In the end, Maryann and Jason, who has regained the use of his legs, are seen playing baseball.

==Cast==
- Samantha Morton as Dr. Katherine Young
- Michael Shannon as Richard Young
- Natasha Calis as Maryann
- Charlie Tahan as Andy Young
- Peter Fonda as Grandfather
- Leslie Lyles as Grandmother
- Meadow Williams as Sandra

==Reception==

Critical reception for The Harvest has been mostly positive. IndieWire and Variety both gave favorable reviews for the film, and Bloody Disgusting heralded it as "a triumphant return for one of indie cinema’s edgiest directors."
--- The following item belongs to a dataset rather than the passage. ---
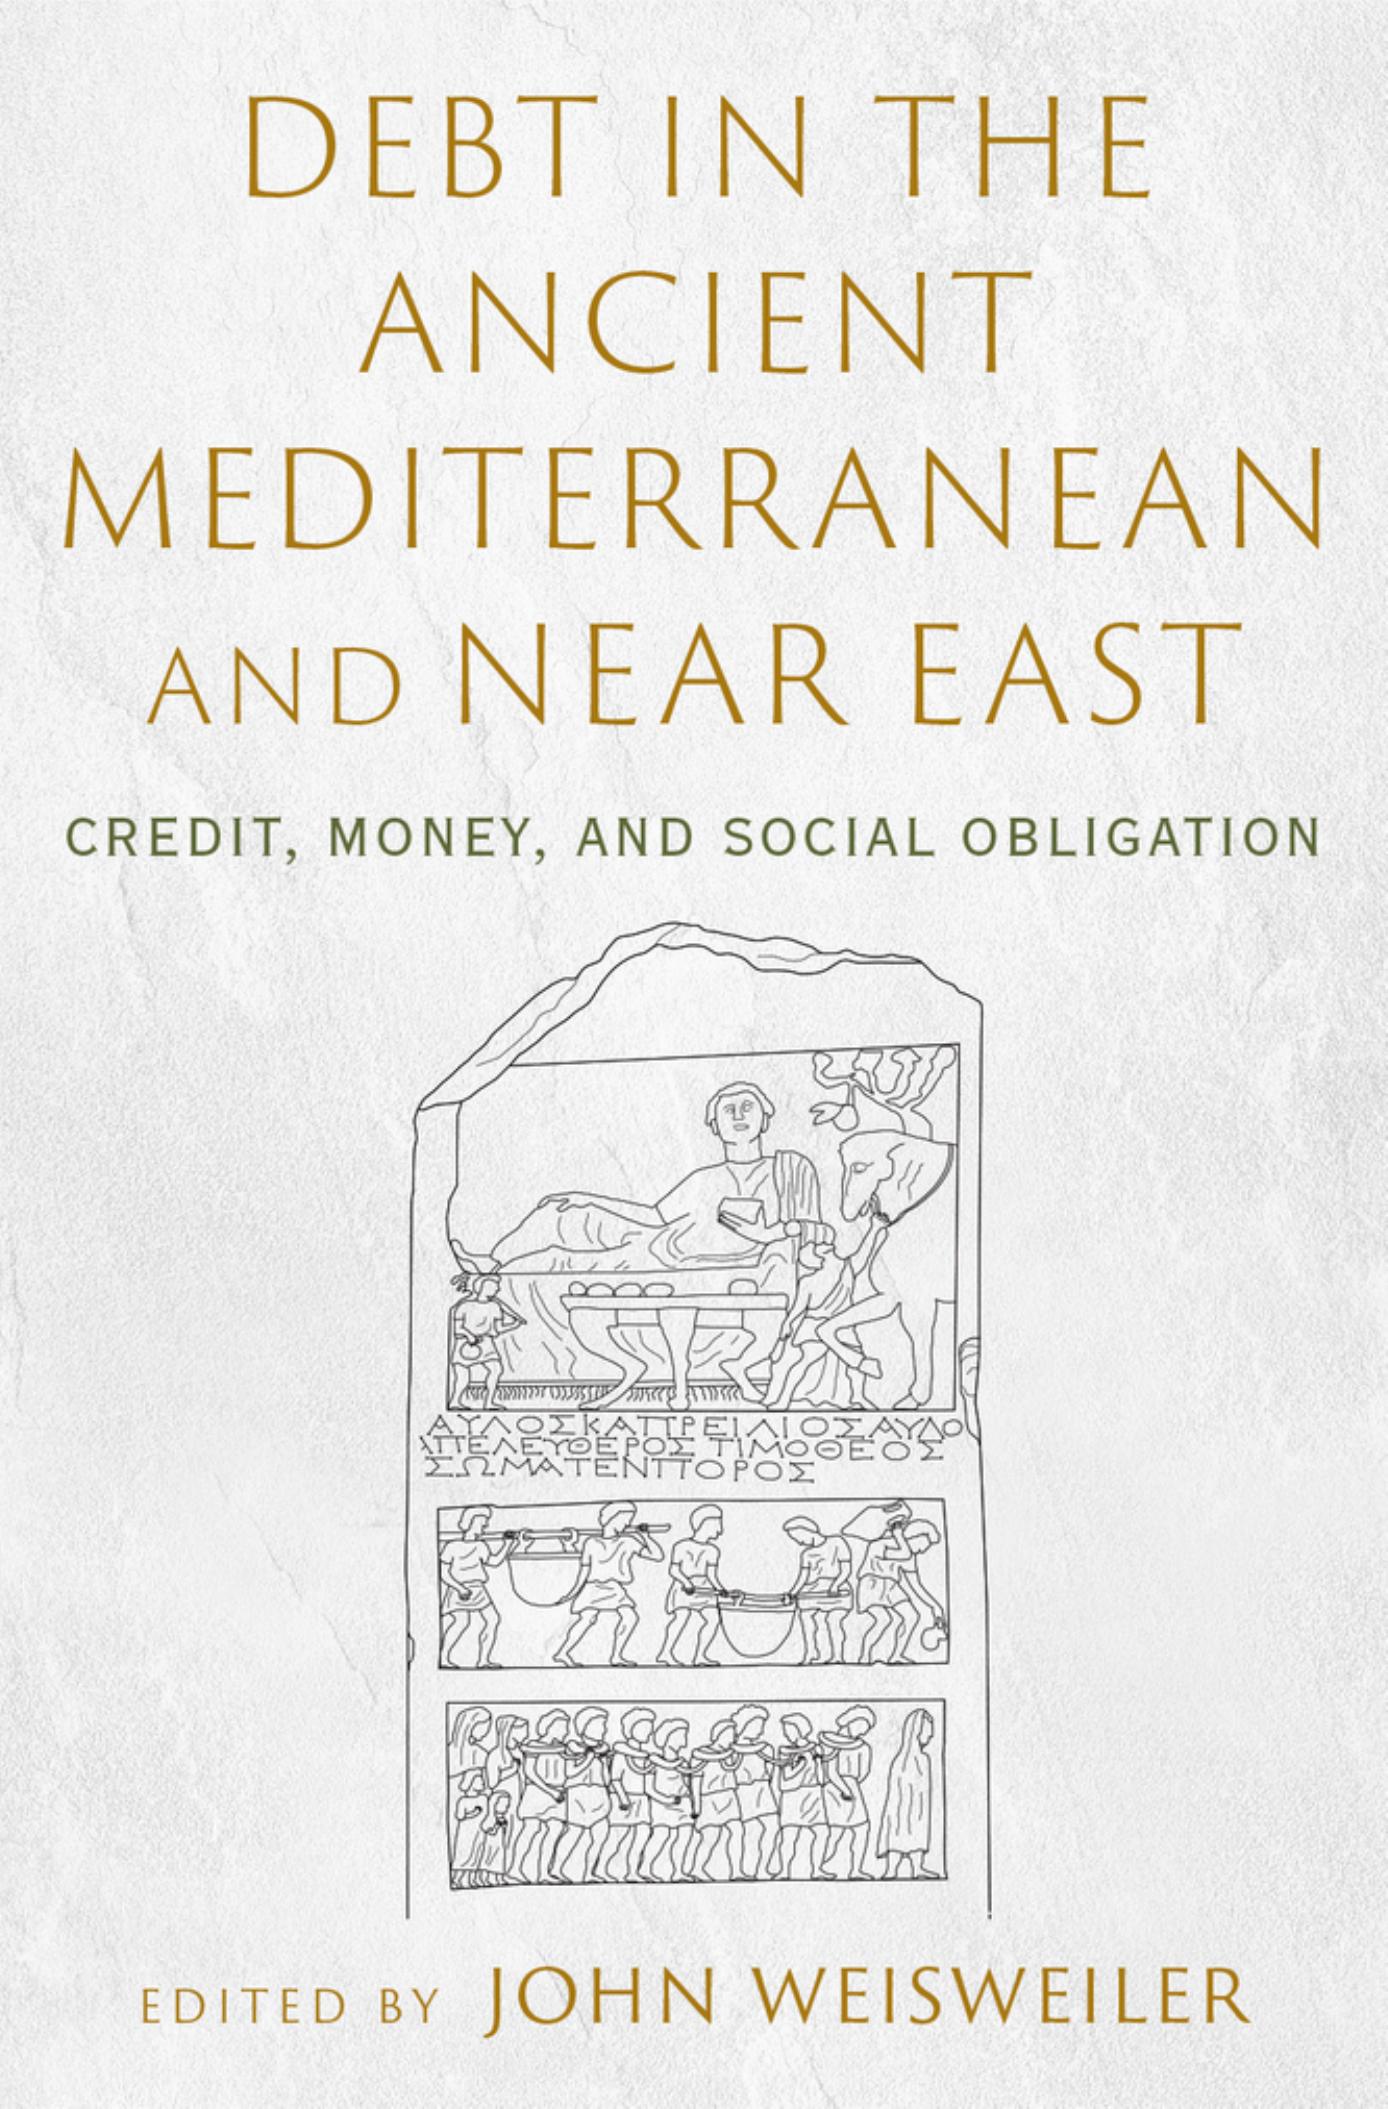 Debt in the Ancient Mediterranean and Near East by John Weisweiler;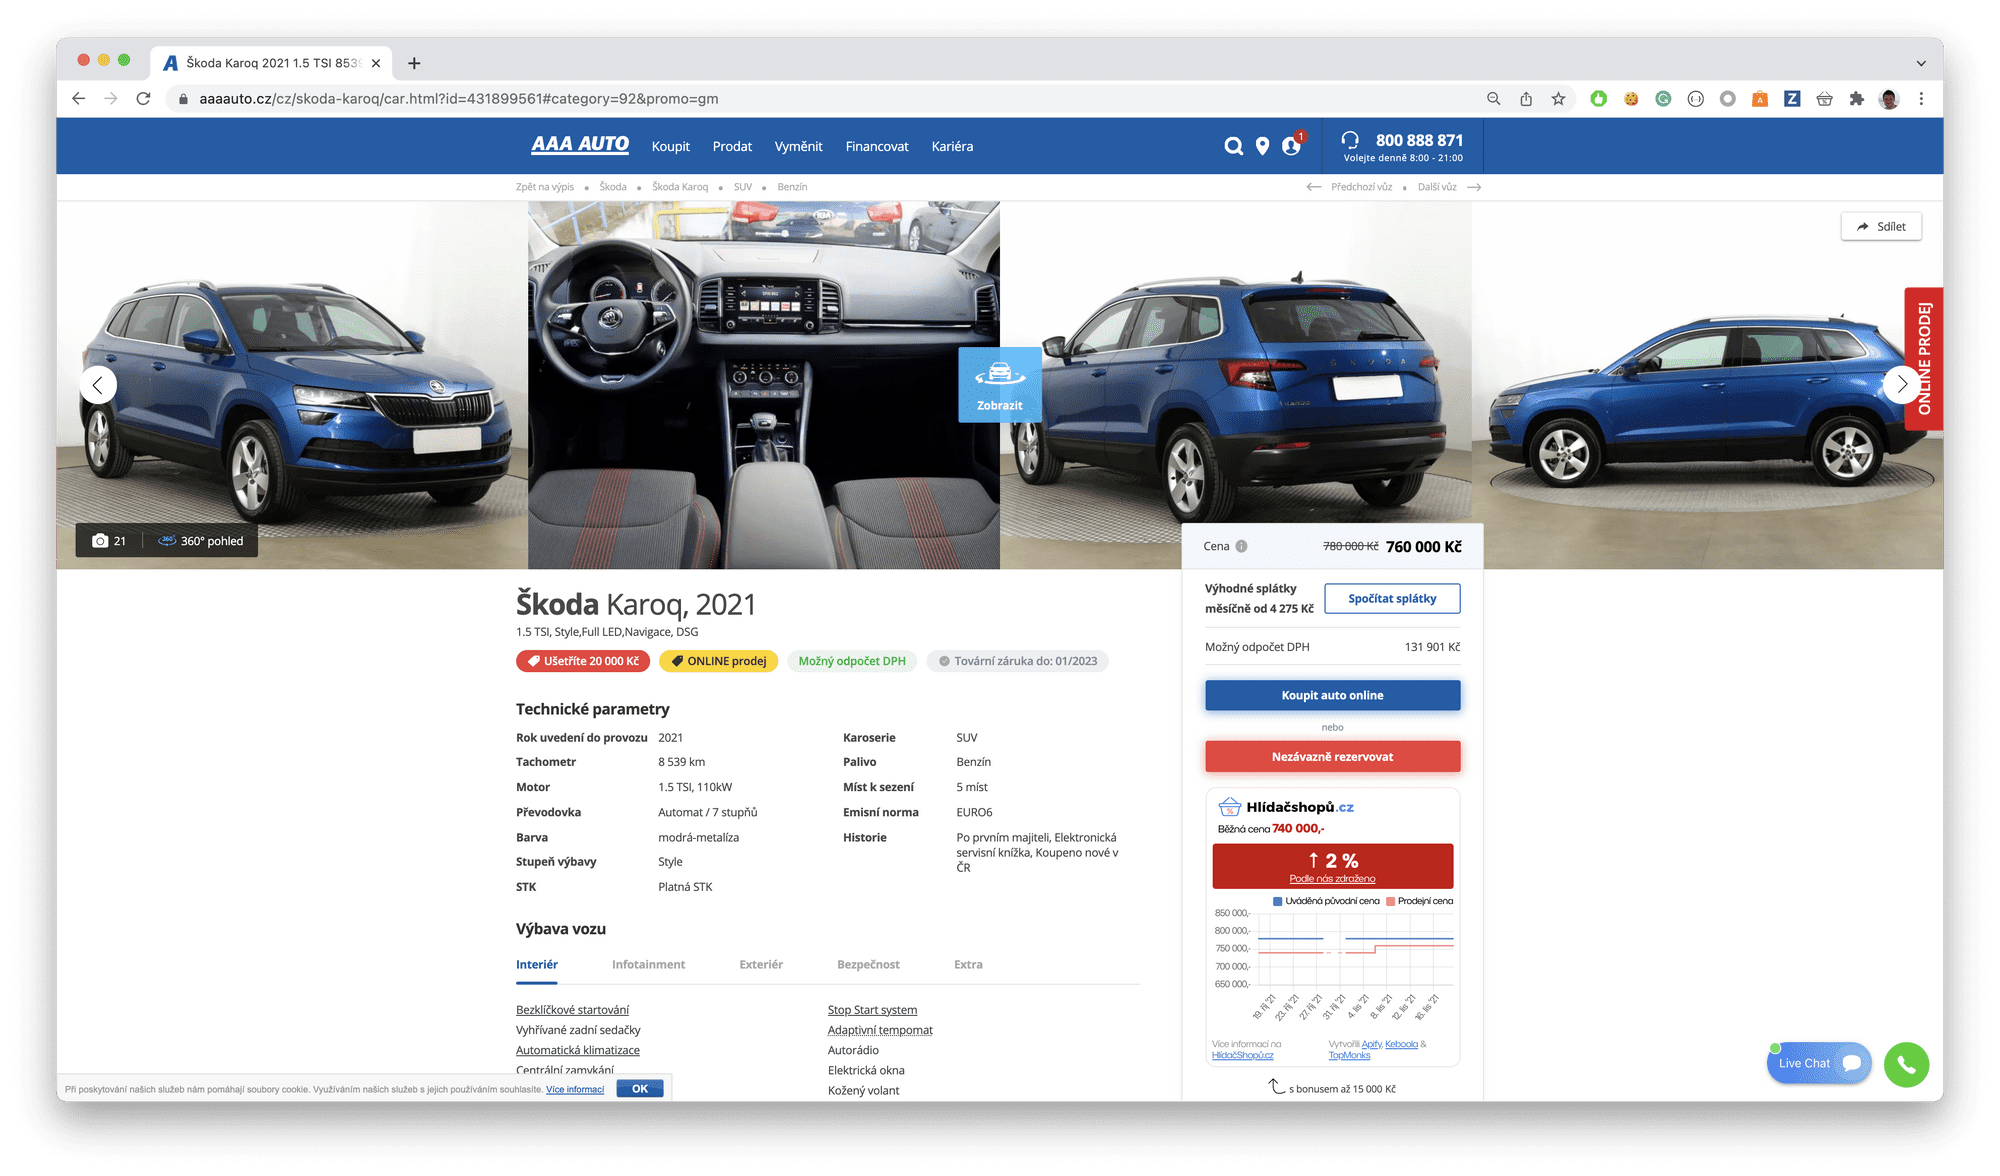 screenshot of a car on sale at aaaauto.cz from 780,000 CZK to 760,000 CZK with Hlídač shopů showing a 2% increase

John McNaughton sought a PG rating for the film, but failed: "I made a promise that I would deliver a movie with no overt violence, no bad language, no sex, no nudity. But the concept was so dark that (...) they wouldn’t give us the PG rating I wanted. Nothing you can really point to except, as with Henry, the overall moral tone."

==Release==
The film premiered on October 19, 2013, as part of the Chicago International Film Festival and was screened on July 21, 2014, in Canada as part of the Fantasia International Film Festival. In a 2017 interview, director John MacNaughton explained that The Harvest was completely independently financed, which was why there was no distribution plan: It’s the most independent film I’ve ever made. There was just one guy, a wonderful man named Gerry Kessler who died since the movie was completed, who wrote one check out of his own pocket, for $6.5 million dollars. The State of New York put up about $3 million in subsidies. There was no company. But when it was done, there was no one to distribute it. We had to go out and try to sell it. (...) I learned about distribution because I had to. One of the things I did was to call Robert Fischer, who befriended me years ago and who brought me to the Munich International Film Festival, and he booked the picture into Munich and after that it went to all these places, like Neuchâtel, Fantasia, FrightFest in the UK and a big festival in Finland. I went out there with no PR firm, just me trying to promote the film. I sure got sick of airplanes, but I loved being at those festivals."The film was eventually bought by IFC Films, which gave it a simultaneous limited screening at the IFC Center and video on demand release on April 10, 2015.